2.5. Quantitative analysis of flavonol O-glycosides by HPLC

The seeds, sprouts, and aerial parts of indigo leaves were harvested as described in the section of 2.2 and used for the preparation of dried materials by lyophilization. The dry materials ground in a mortar using a pestle from the seeds (900 mg dry weight (DW)), sprouts (100 mg DW), or aerial parts (100 mg DW) were individually mixed with 10 ml of 80% methanol and 200 μl of dimethyl sulfoxide containing 200 μg of hesperetin as an internal standard. The mixture was vortexed vigorously for 30 sec and then sonicated for 20 min at 20 °C in a Bransonic sonicator (Emerson Japan, Tokyo, Japan) for the extraction of flavonoids. The resulting supernatant was collected after centrifugation at 1500 × g for 5 min. The same extraction procedure was repeated again by mixing the pellets with 10 ml of 80% methanol. The combined supernatants were filtrated through a Kiriyama funnel filter paper No. 4, after which the extracts were filled up to 20 ml with 80% methanol. The 1-ml aliquot of the filled extracts was evaporated into dryness and redissolved in 1 ml of a mixture of 0.1% formic acid/acetonitrile (95:5, v/v).
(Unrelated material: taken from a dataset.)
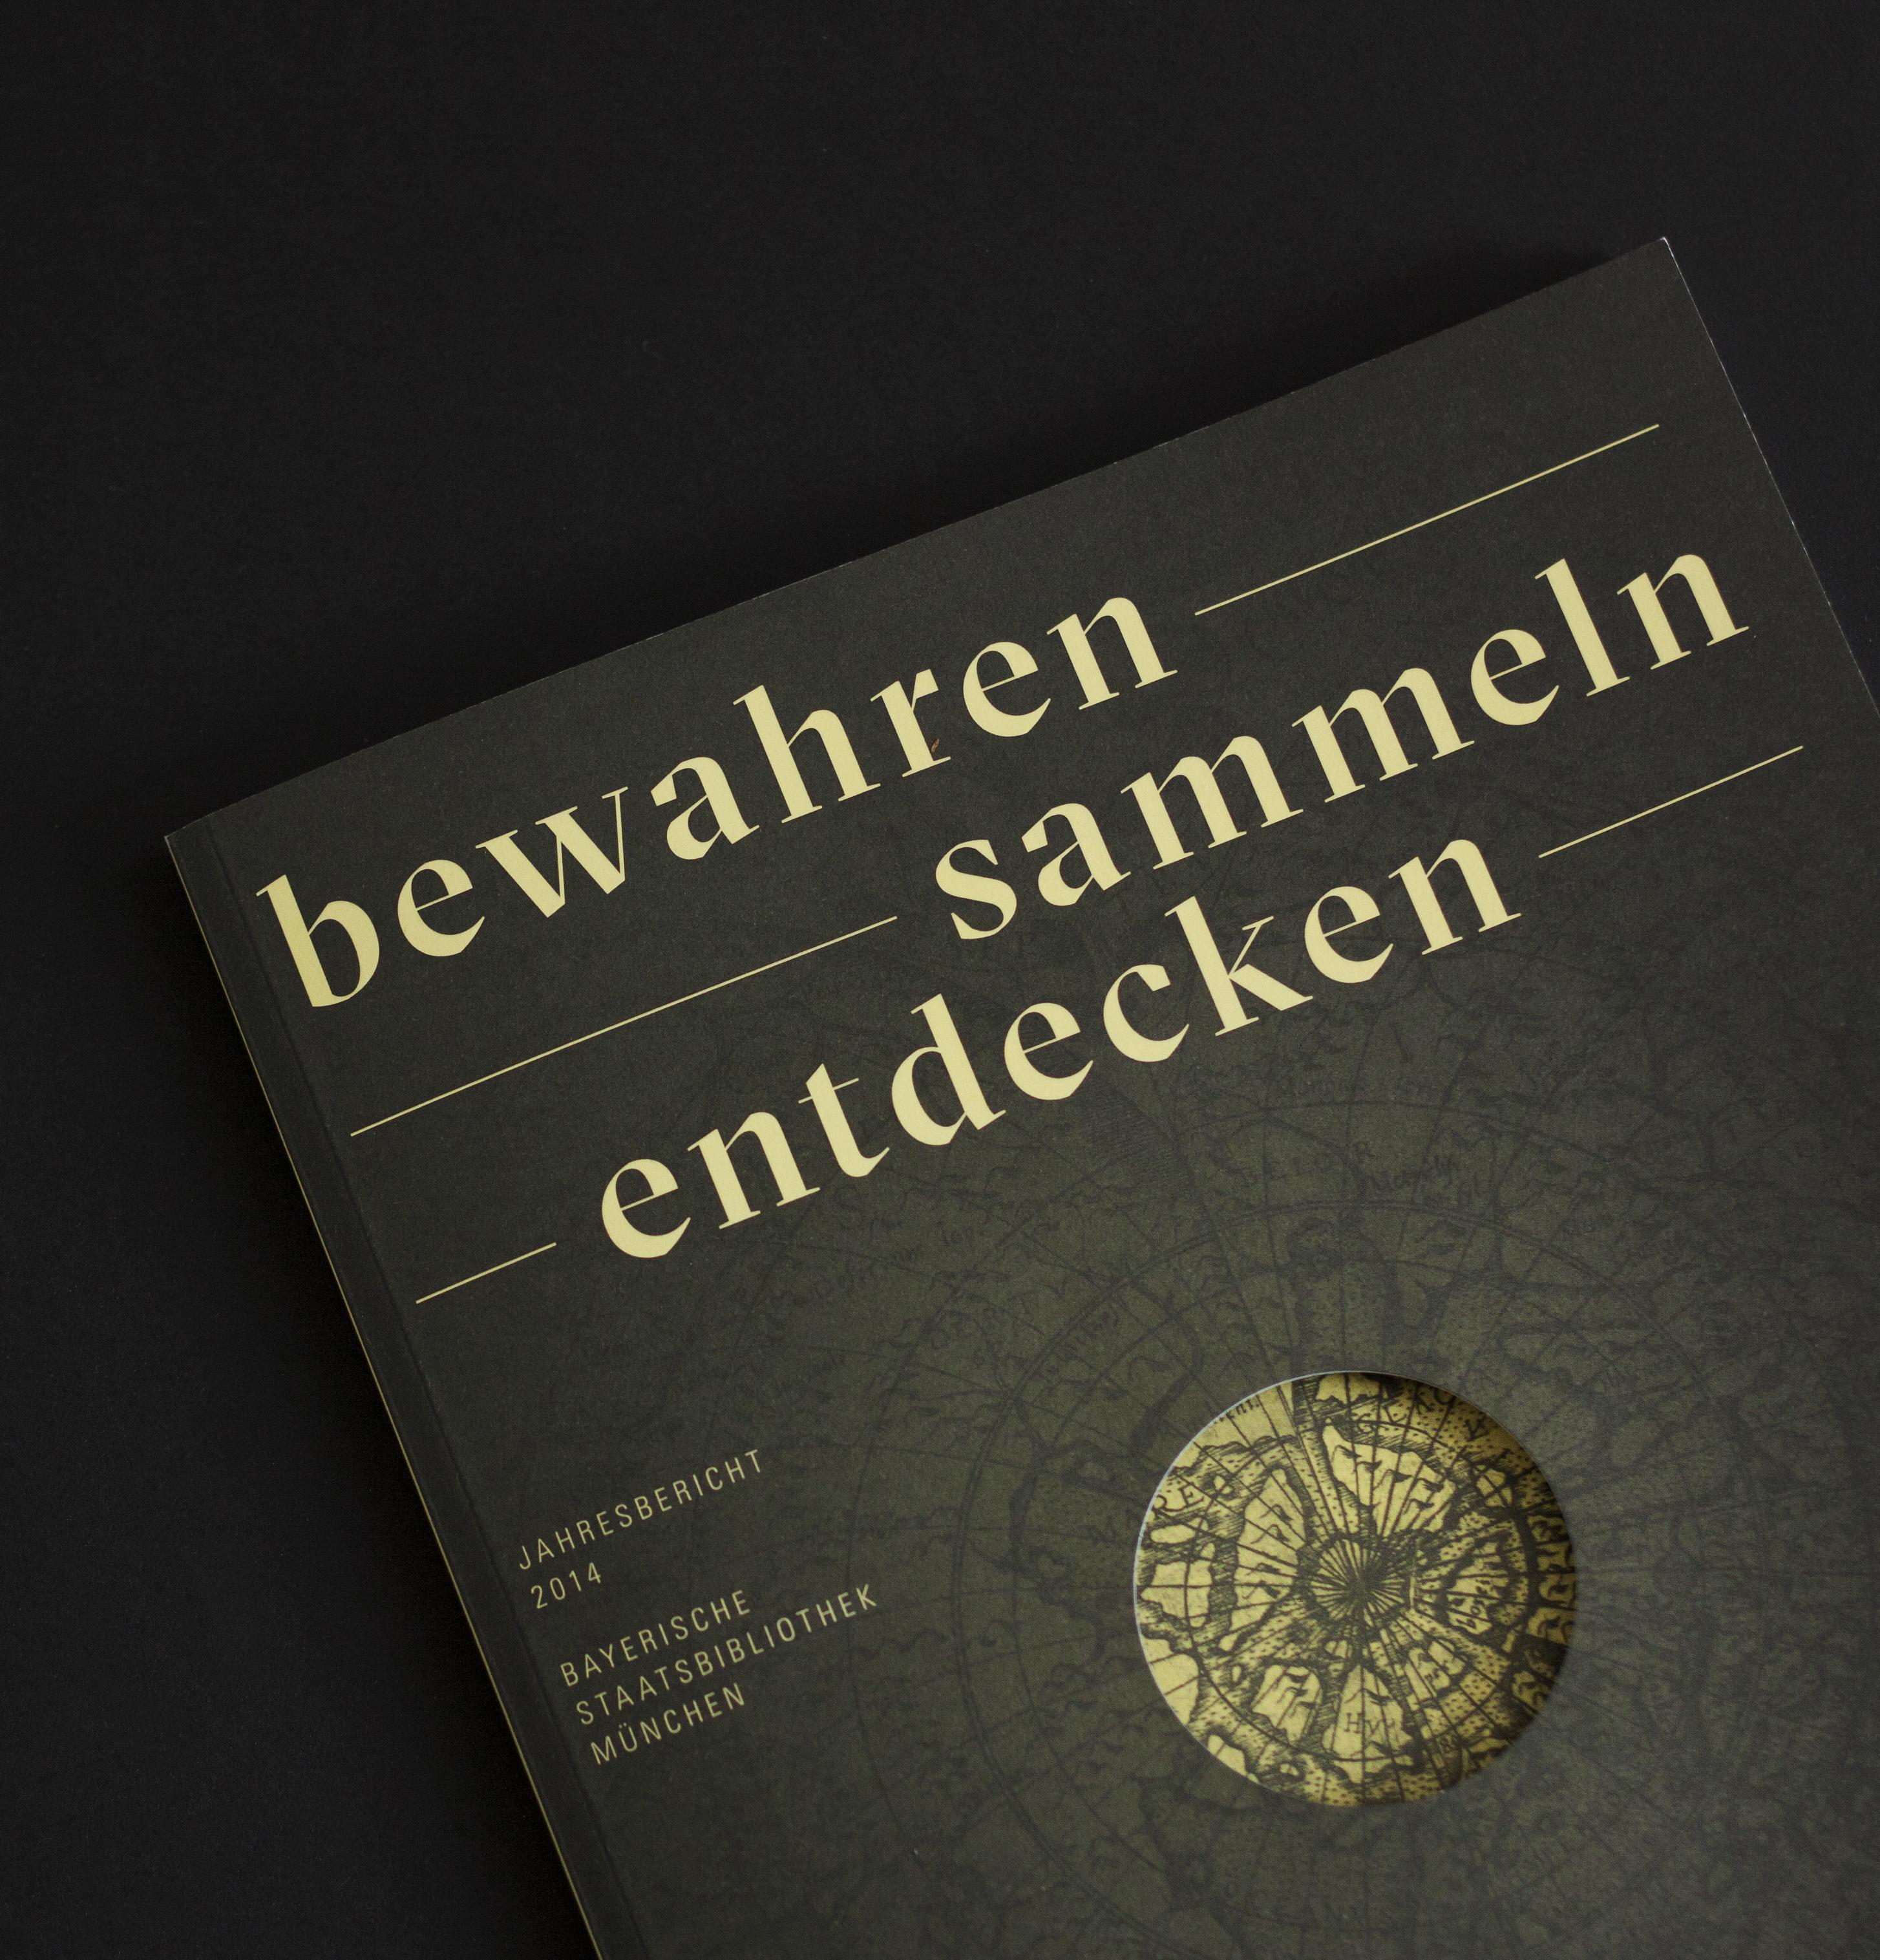 BAYERISCHE STAATSBIBLIOTHEK

A portion of the extracts was applied to the analysis by reverse-phase HPLC following filtration through a membrane filter with a pore size of 0.22 μm. The HPLC analysis was performed using a YMC-Pack ODS-AM column (150 mm × 3 mm i.d., 5-μm particle size) on a Shimadzu LC-2010A system equipped with a Chromatopac C-R8A recorder. The column was eluted with a flow rate of 0.4 ml/min at 40 °C for a total of 40 min with a mobile phase of 0.1% formic acid/acetonitrile in a linear gradient system from 95:5 (v/v) to 60:40 (v/v). The quantified value was expressed as hesperetin equivalent (HesE) (μg HesE/g DW).